March 4, 2009 at 9:41 am
I have this condition in a select statement
tbl.columnName <> 'ACT'
In the actual table tbl.columnName is NULL. I thought NULL is not equal to 'ACT'. but nothing is selected when this is in the where clause. the statement only returns rows if i comment out this line.
Whats going on in the background, that makes sql server think that NULL = 'ACT' ?
March 4, 2009 at 9:57 am
winston Smith (3/4/2009)
I have this condition in a select statementtbl.columnName <> 'ACT'
In the actual table tbl.columnName is NULL. I thought NULL is not equal to 'ACT'. but nothing is selected when this is in the where clause. the statement only returns rows if i comment out this line.
Whats going on in the background, that makes sql server think that NULL = 'ACT' ?
NULL <> 'ACT' is actually undetermined, or in this case, false.
Also, NULL = 'ACT' is also undetermined, or in this case, false as well.
If you may have null values you need to do something like this:
(tbl.columnName <> 'ACT' or tbl.columnName is null)
or this:
isnull(tbl.columnName,'') <> 'ACT'
Realize that the second option may preclude the use of indexes in your query.
March 4, 2009 at 10:01 am
From Books On Line
A value of NULL indicates that the value is unknown. A value of NULL is different from an empty or zero value. No two null values are equal. Comparisons between two null values, or between a NULL and any other value, return unknown because the value of each NULL is unknown.

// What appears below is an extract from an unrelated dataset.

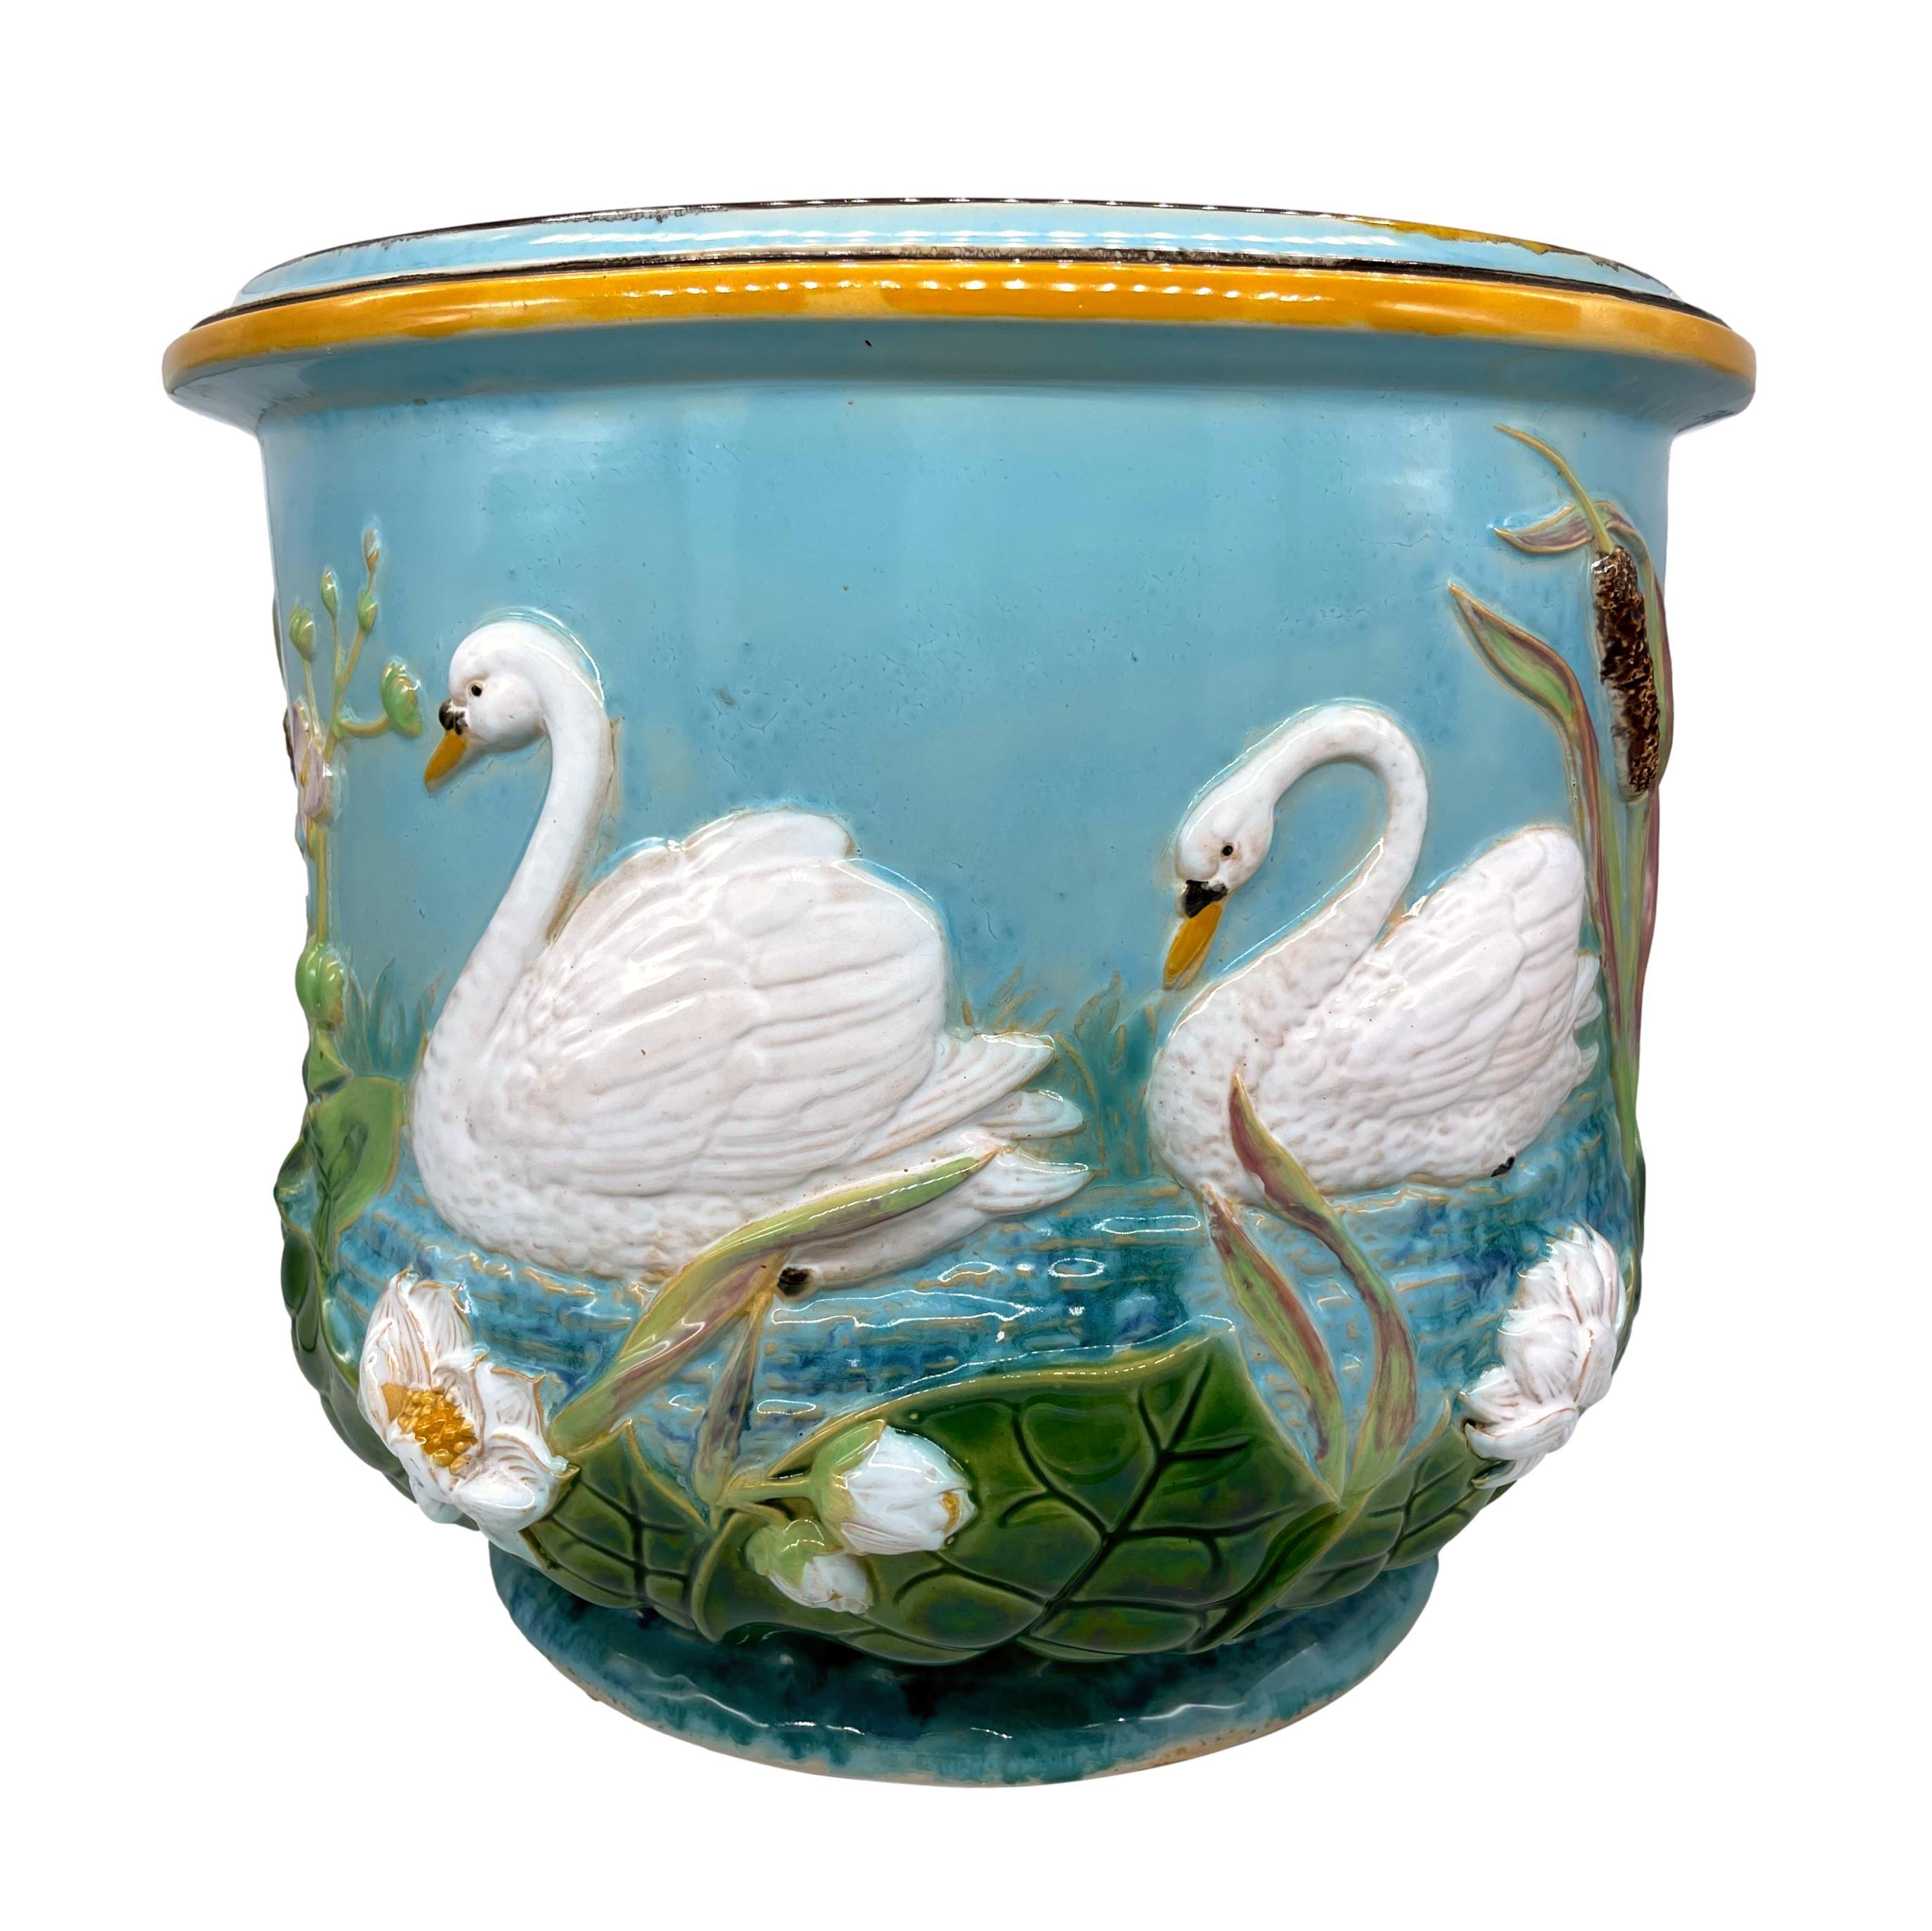 George Jones majolica jardinière, the cylindrical body with relief-molded white swans, waterlilies, pads, and cattails on simulated water with reeds to the background, on a turquoise ground, the interior glazed in lilac, the reverse with

If you want to include NULL values look at IS NULL
To determine whether an expression is NULL, use IS NULL or IS NOT NULL instead of comparison operators (such as = or !=). Comparison operators return UNKNOWN when either or both arguments are NULL.
March 4, 2009 at 10:01 am
winston Smith (3/4/2009)
I have this condition in a select statementtbl.columnName <> 'ACT'
In the actual table tbl.columnName is NULL. I thought NULL is not equal to 'ACT'. but nothing is selected when this is in the where clause. the statement only returns rows if i comment out this line.
Whats going on in the background, that makes sql server think that NULL = 'ACT' ?
It's not that SQL server thinks that NULL='ACT' it is just that when comparing against NULL the result comes back as 'Unkown' so this will not return any rows.